An account of a visit by members of the Society to a chocolate factory appears below. It is hoped next term to arrange a visit to the new signal box at York Station—the largest in the world.

The Society is grateful to all who have helped during the year, especially to the speakers and to P. S. Lumby, who supervised the operation of the projectors. Looking back we can feel that the year has been very successful for the Society.

G.W.R.

A VISIT TO A CHOCOLATE FACTORY

A party visited Rowntree's Cocoa Works on Wednesday, 19th March, 1952. It consisted of the members of the Committee of the Science Society and those who had helped in the meetings in the past two terms.
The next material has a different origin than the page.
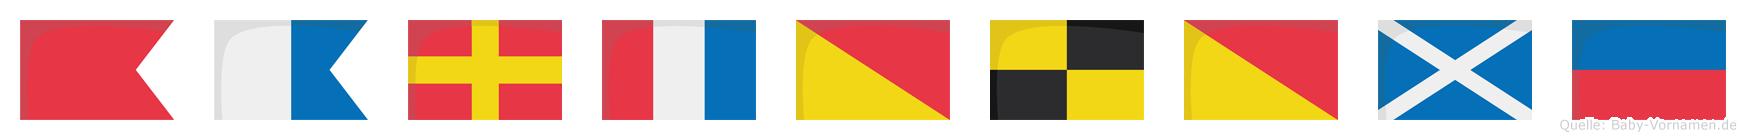 Bartolome im Flaggenalphabet
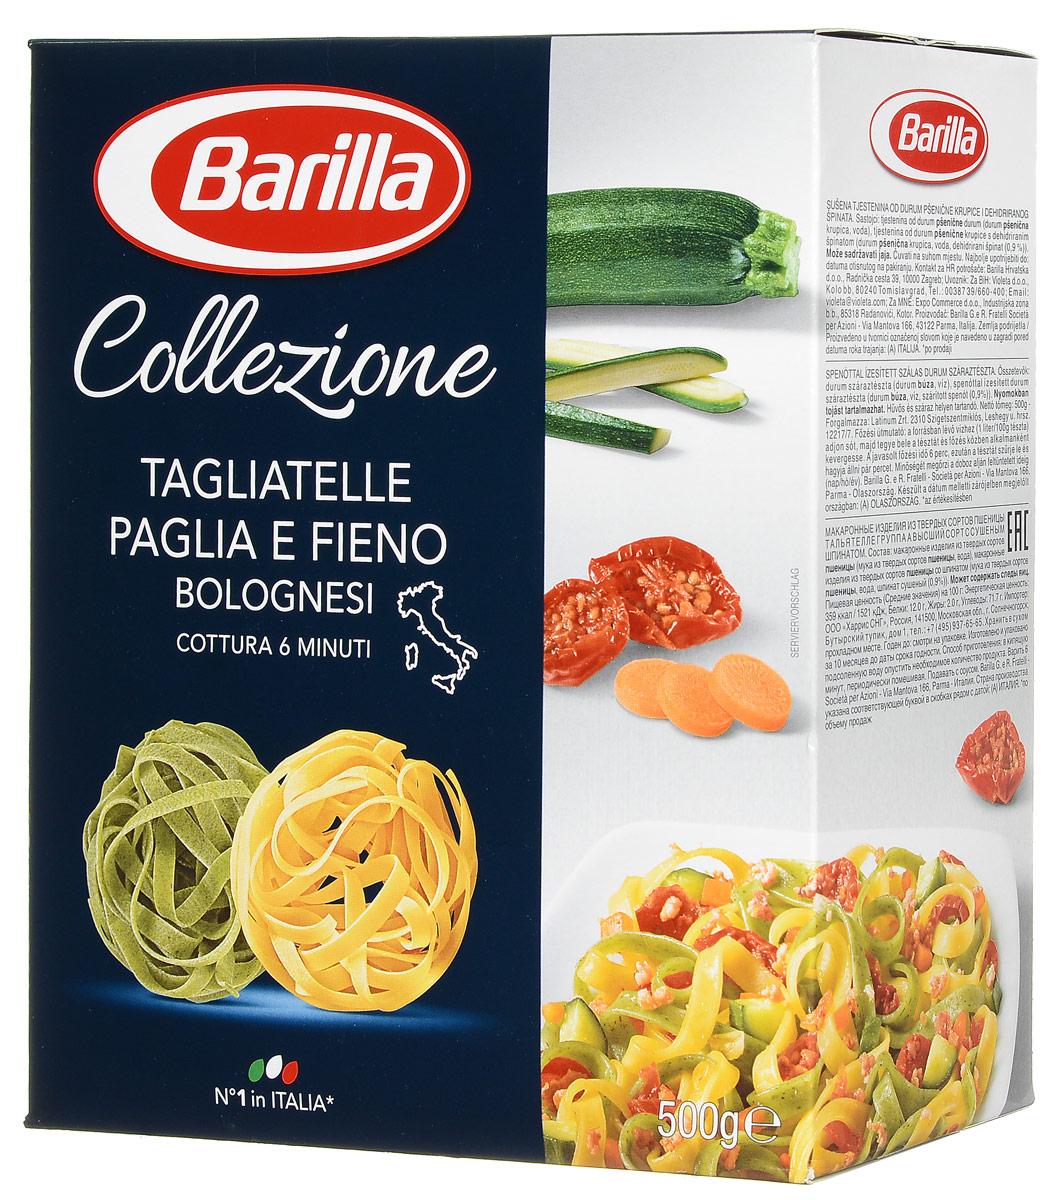 Barilla Tagliatelle Paglia e Fieno паста тальятелле палья и фьено, 500 г

On arrival at the Works the party, consisting of about 20 boys, was split into four groups each in the charge of a specially trained guide.

The first call was the melange department. There the chocolate crumb, a homogeneous mass comprising milk solids, milk fat, sugar, and cocoa beans is placed in a melangeur and ground into a very fine paste with the addition of a fixed quantity of cocoa butter.

The paste is then passed to the refiners. A machine consists of five horizontal rollers, one on top of the other, made of chilled iron and water cooled. The paste is spread on to the bottom roller and is transferred from one roller to another until it reaches the top, where it is scraped off as a fine powder.

The powder is then transferred to the conching machines. One of these consists of four pots heated to 95°F. in which a paddle moves up and down. The powder soon becomes liquid and grinds itself up like pebbles on a beach. This process is carried out for 60 hours. The prepared chocolate is then piped to the various parts of the works where it is required.

In the next department visited orange creams were being covered with couverture chocolate. The moulded centres are placed in lines on a slowly moving belt which passes them into two machines, one covering the bottom with chocolate, and the other the sides and top. The design is then piped on by hand. The belt then passes into the cooler, after leaving which defective chocolates are removed. The perfect ones are then passed on to the wrapping department, which was next visited.